What is the UEA Seaglider Toolbox

The toolbox is a collection of integrated Matlab (v.2014a+) scripts aimed at making Seaglider (University of Washington & Kongsberg) data easier to process. Glider data suffer from numerous issues, namely sensor lags and badly constrained flight models, but these can generally be corrected for in post-processing, assuming the necessary information is present in the dive data.

There are a wide range of parameters under which the glider will fly, but few which are optimal for data collection. This page will detail some of the suggested practices for obtaining better glider data and processing it through the toolbox.

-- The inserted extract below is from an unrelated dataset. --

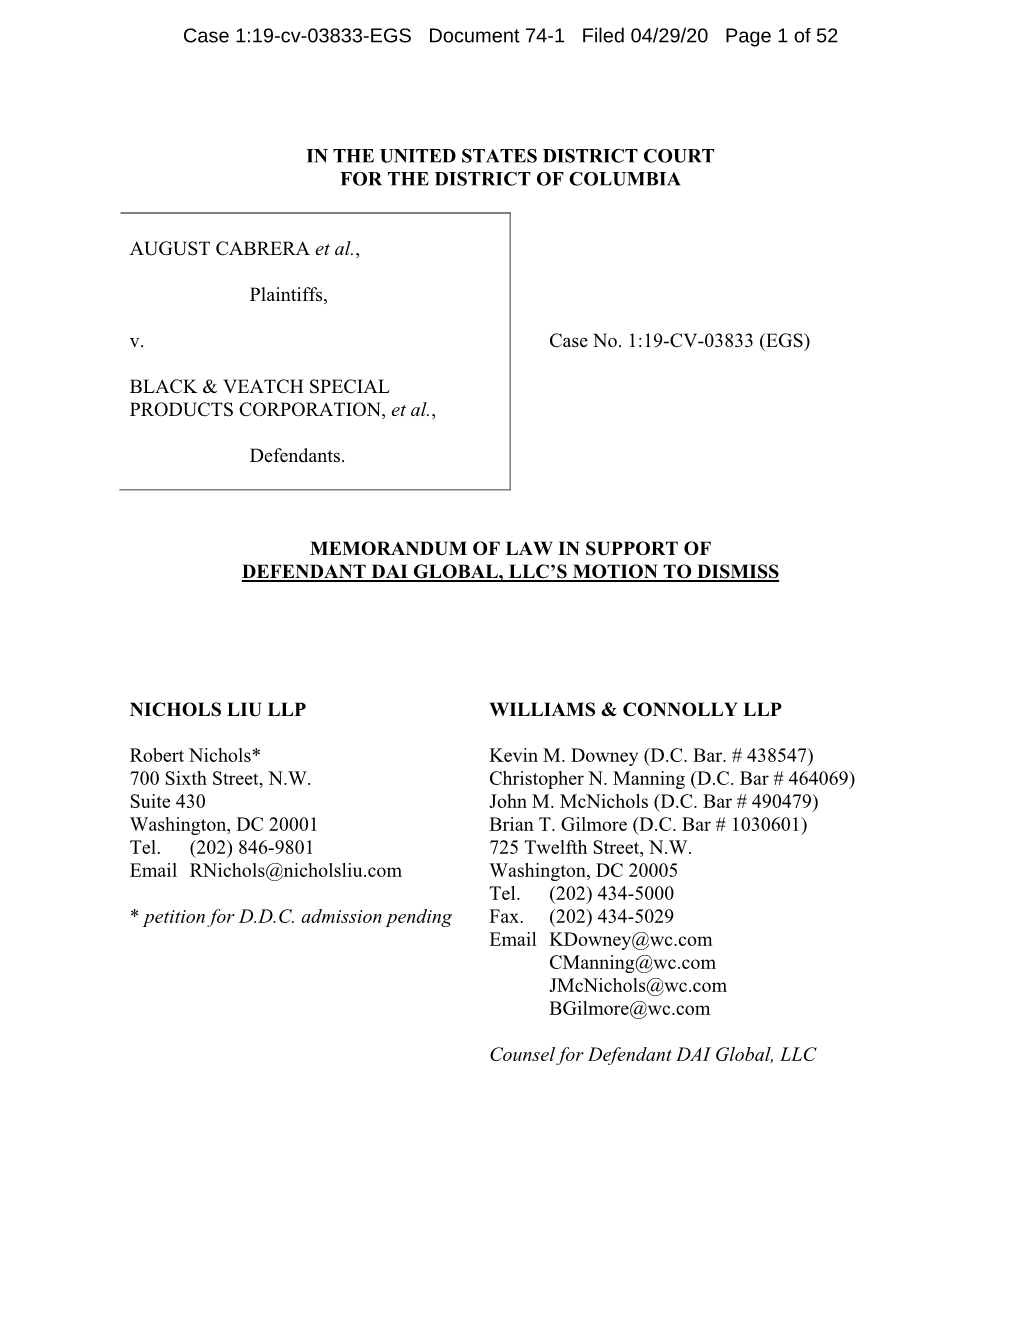 Case 1:19-Cv-03833-EGS Document 74-1 Filed 04/29/20 Page 1 of 52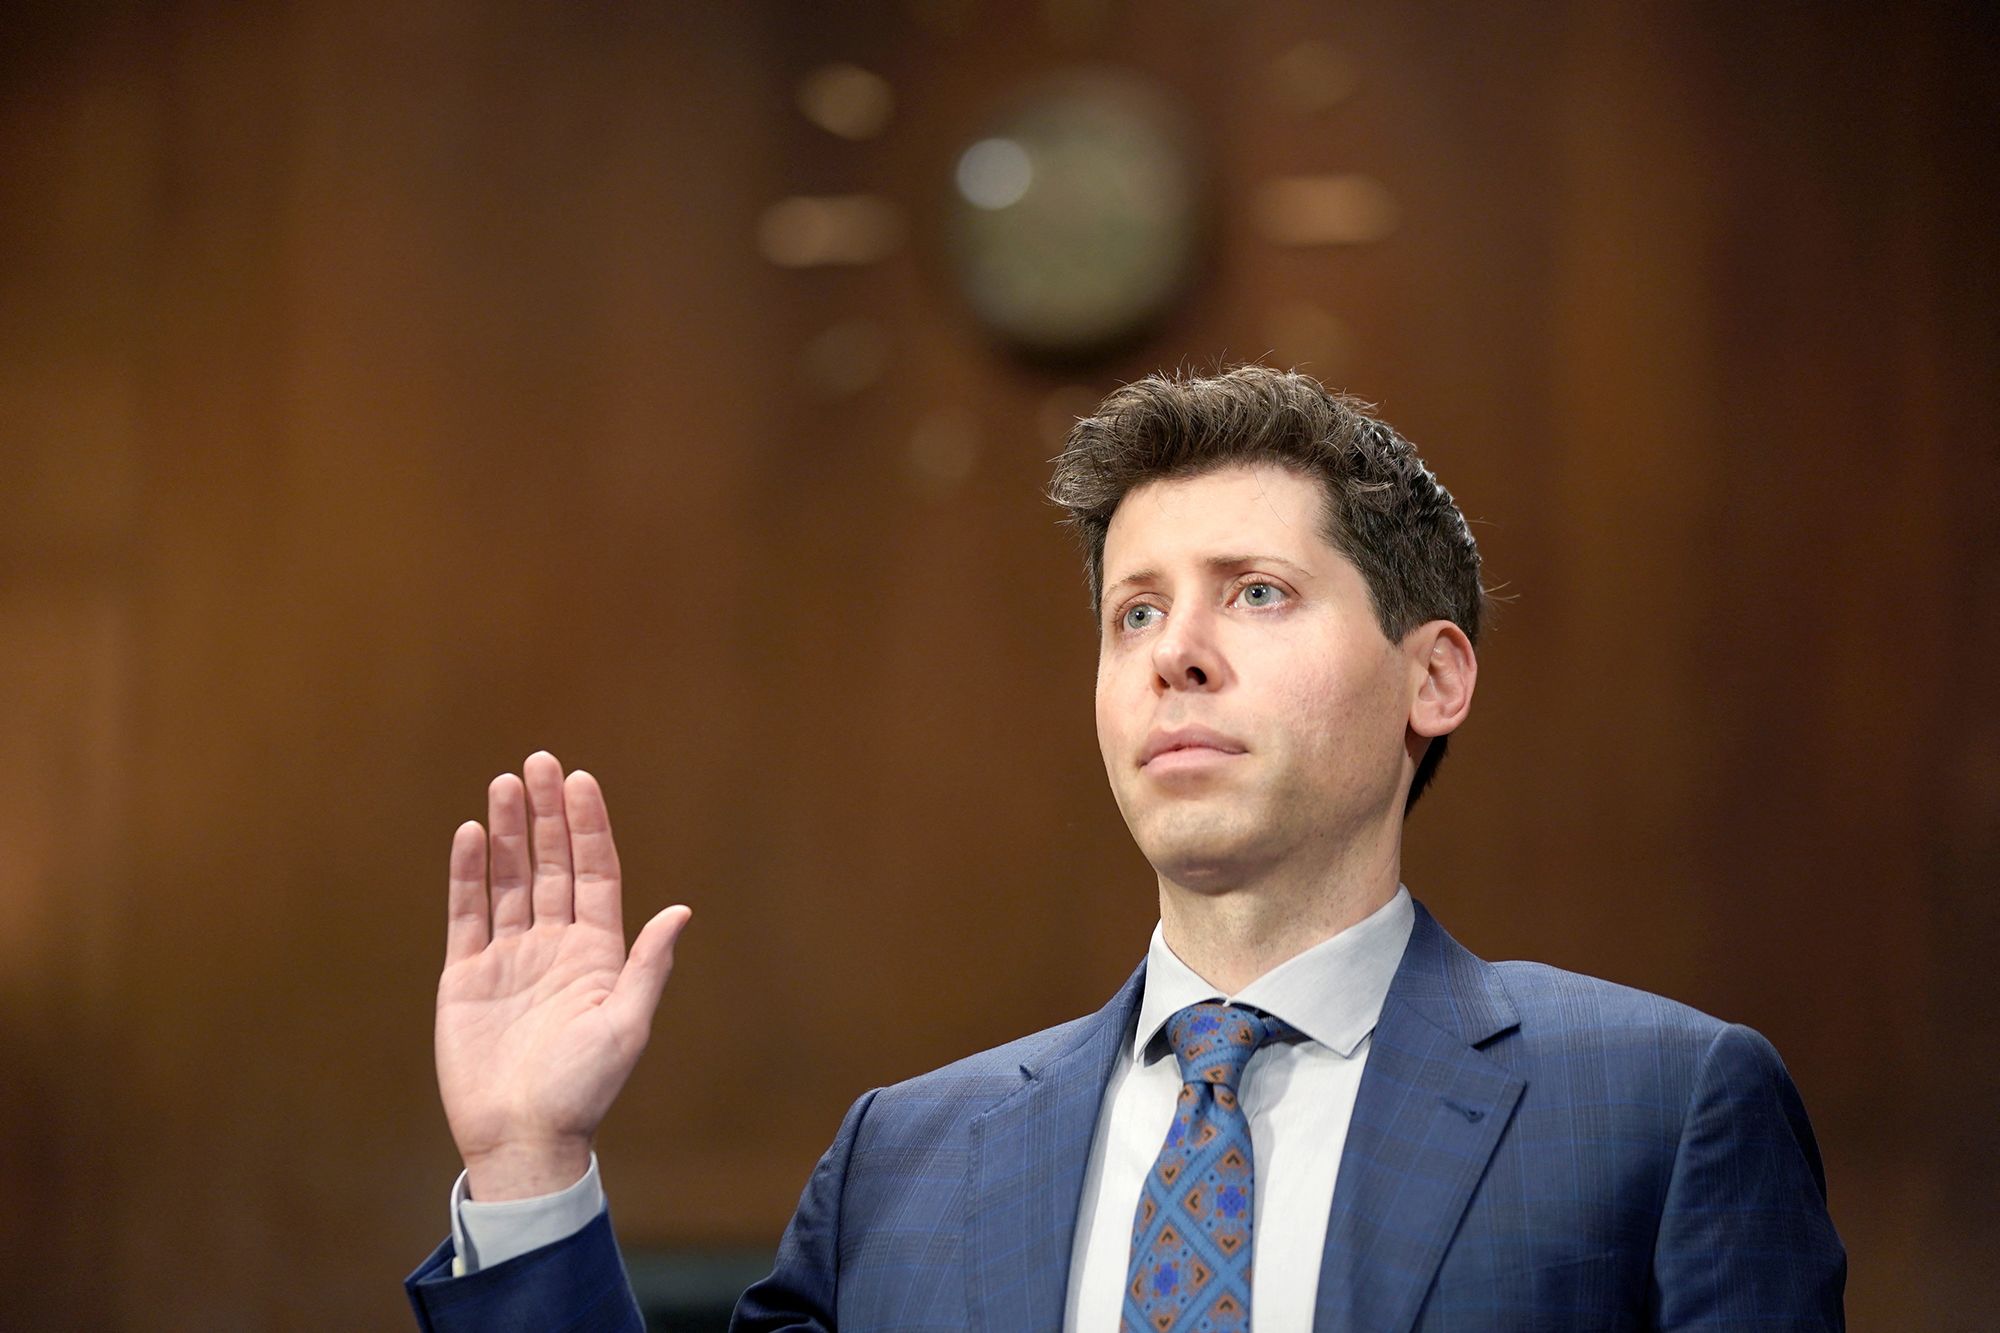 As the Investigation Into His Dismissal Comes to a Close, Sam Altman Has Been Reinstated to the OpenAI Board

Broadly speaking, the toolbox will:

1. Load the glider data, preserving raw data from the .eng, .log and sg_calib_constants.m file.

2. Output processed data in the .hydrograhy substructure with the following corrections and caveats:

 2a. Recalculation of pressure/depth based on the "pseudometers" output by the gliders. There is still no pressure hysteresis correction included in the toolbox. I would welcome any suggestions.

 2b. Neither does it correct for time and pressure offsets between recorded timestamps and actual sample times due to the single-thread processor as both people at the University of Washington and I have found it impossible to do (hence why they're developing a separate science controller).

 2c. The toolbox then calculates a first-guess estimate of glider flight to do a first correction of conductivity (based on Morison et al. 1994).

 2d. It launches a GUI for flight model regressions which works broadly along the same lines as those of the University of Washington code and the methods described in Frajka-Williams et al (2011). Testing at a workshop in Bergen (May 2016) showed both the UW and toolbox code produced near identical results.

 2e. Using the improved hydrodynamic parameters, the toolbox recalculates the conductivity correction as described in Garau et al. 2011 using code developed as part of the SOCIB glider toolbox.

3. The toolbox then moves on the the secondary sensors, each with their own independent routines. The only one presenting significant complexity in processing is that of the Aanderaa 4330 optode. The algorithms are still being trialled and the results are not yet ideal. I plan to incorporate the Bittig method when I can find the time.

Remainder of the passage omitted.